Le 23 janvier 2020, Xavier Bousset, secrétaire général du syndicat CGT des Cheminots de Haute-Loire, est présent lors d’un rassemblement en gare de Clermont-Ferrand contre le projet de réforme des retraites et la casse du service public ferroviaire. Durant cette mobilisation, un cortège de 150 à 200 cheminots se réunissent alors sur le parvis de la gare pour des prises de paroles. « La direction me reprocherait le fait que j’aurais traité de collabo' des agents ferroviaires en service, précise Xavier Bousset. Elle sait très bien que nous ne sommes pas là pour casser ou insulter les gens mais seulement pour défendre nos droits. Malheureusement, la direction tente par tous les moyens de criminaliser les responsables syndicaux afin d’effrayer et de donner l’exemple ».

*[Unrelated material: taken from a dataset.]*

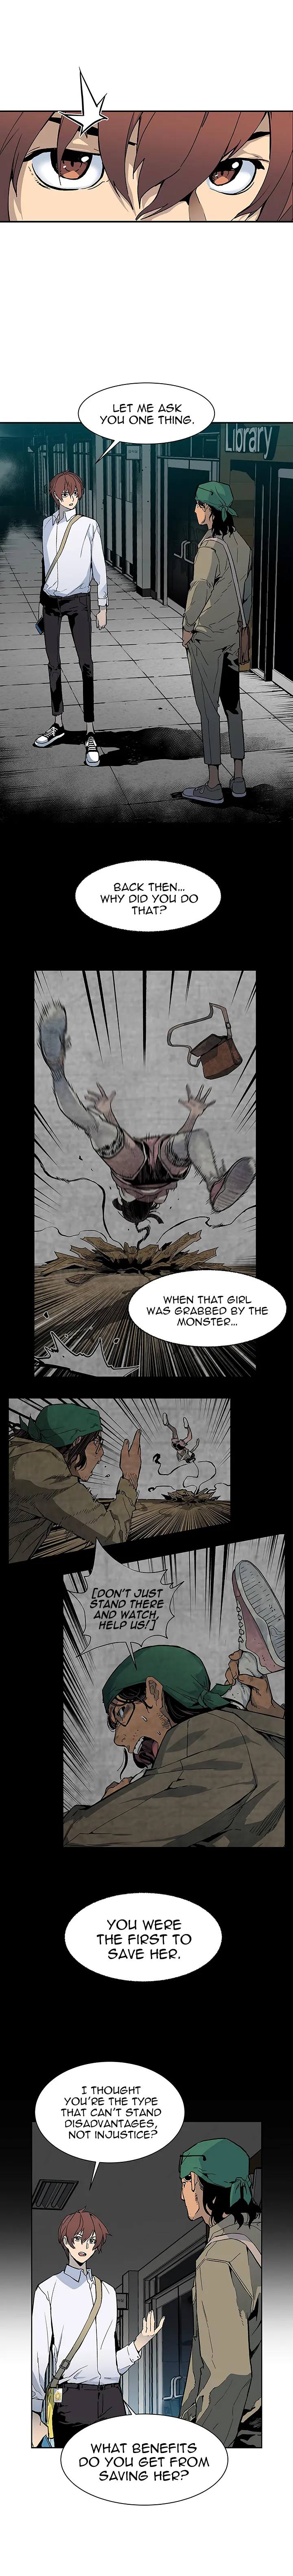 The Second Coming of Gluttony - Chapter 12 Page 12
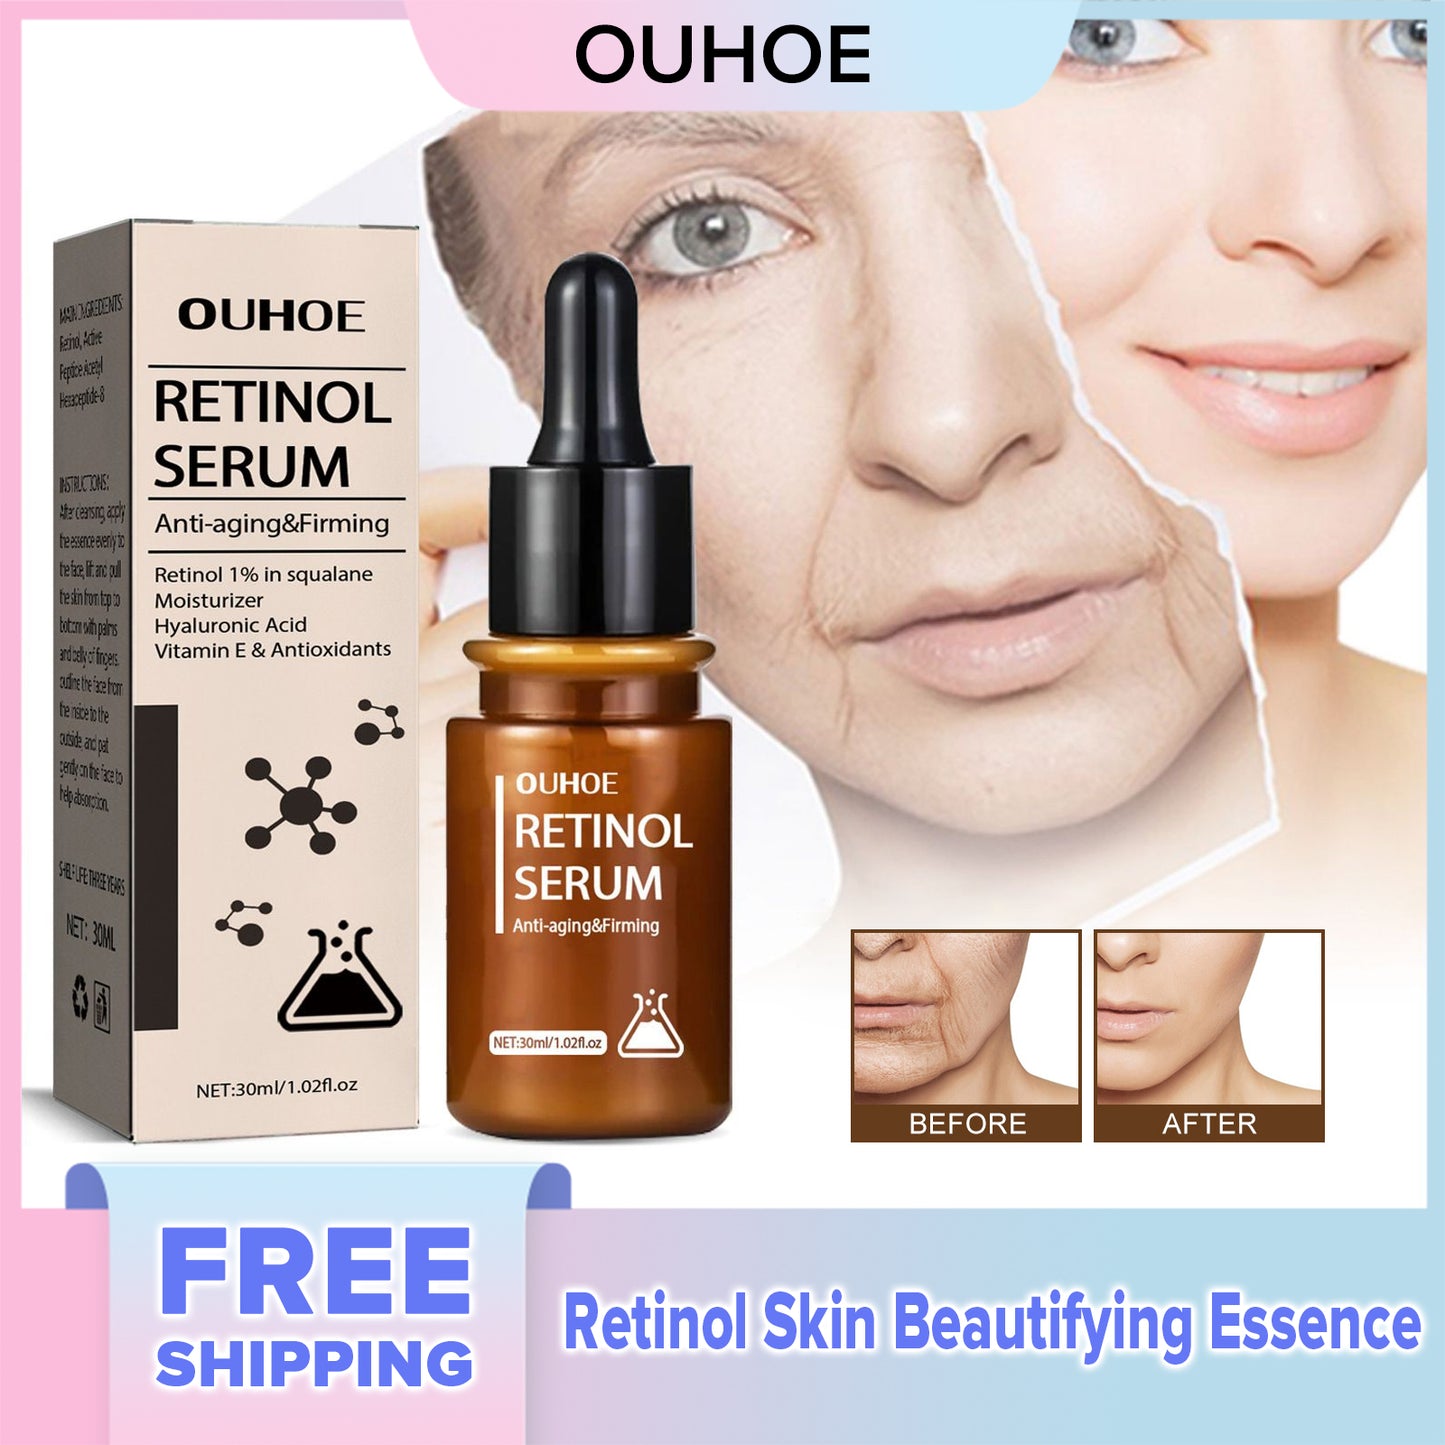 OUHOE Retinol Skin Beautifying Essence Attenuate Dry Lines, Fine Lines, Prevent Dullness, Moisturize, Tender Skin And Resist Wrinkles Essence(30ml)

« Ils veulent faire tomber des têtes »

Ce mercredi 30 septembre, Xavier Bousset a donc été convoqué en gendarmerie de Sainte-Florine pour y être entendu. « S’il y avait eu de la casse, des blessés ou d’autres faits graves, je comprendrais les motivations de l’entreprise en ce sens, confie Xavier Bousset. Mais c’est loin d’être le cas. Tout ça s’inscrit dans une démarche du patronat. Ils veulent faire tomber des têtes. » Pour illustrer son propos, il mentionne le cas d’Hervé Gonthier, secrétaire régional CGT cheminots, convoqué le 28 août à Moulins pour outrage et incitation à la haine. Ou encore Christophe Bouchex, secrétaire de l’union CGT locale de Clermont, pointé également du doigt par la direction. « Nous sommes tous des responsables syndicaux et nous sommes tous mis sous pression pour des faits futiles, ajoute-il. Alors oui, la politique de la peur est de plus en plus utilisée ».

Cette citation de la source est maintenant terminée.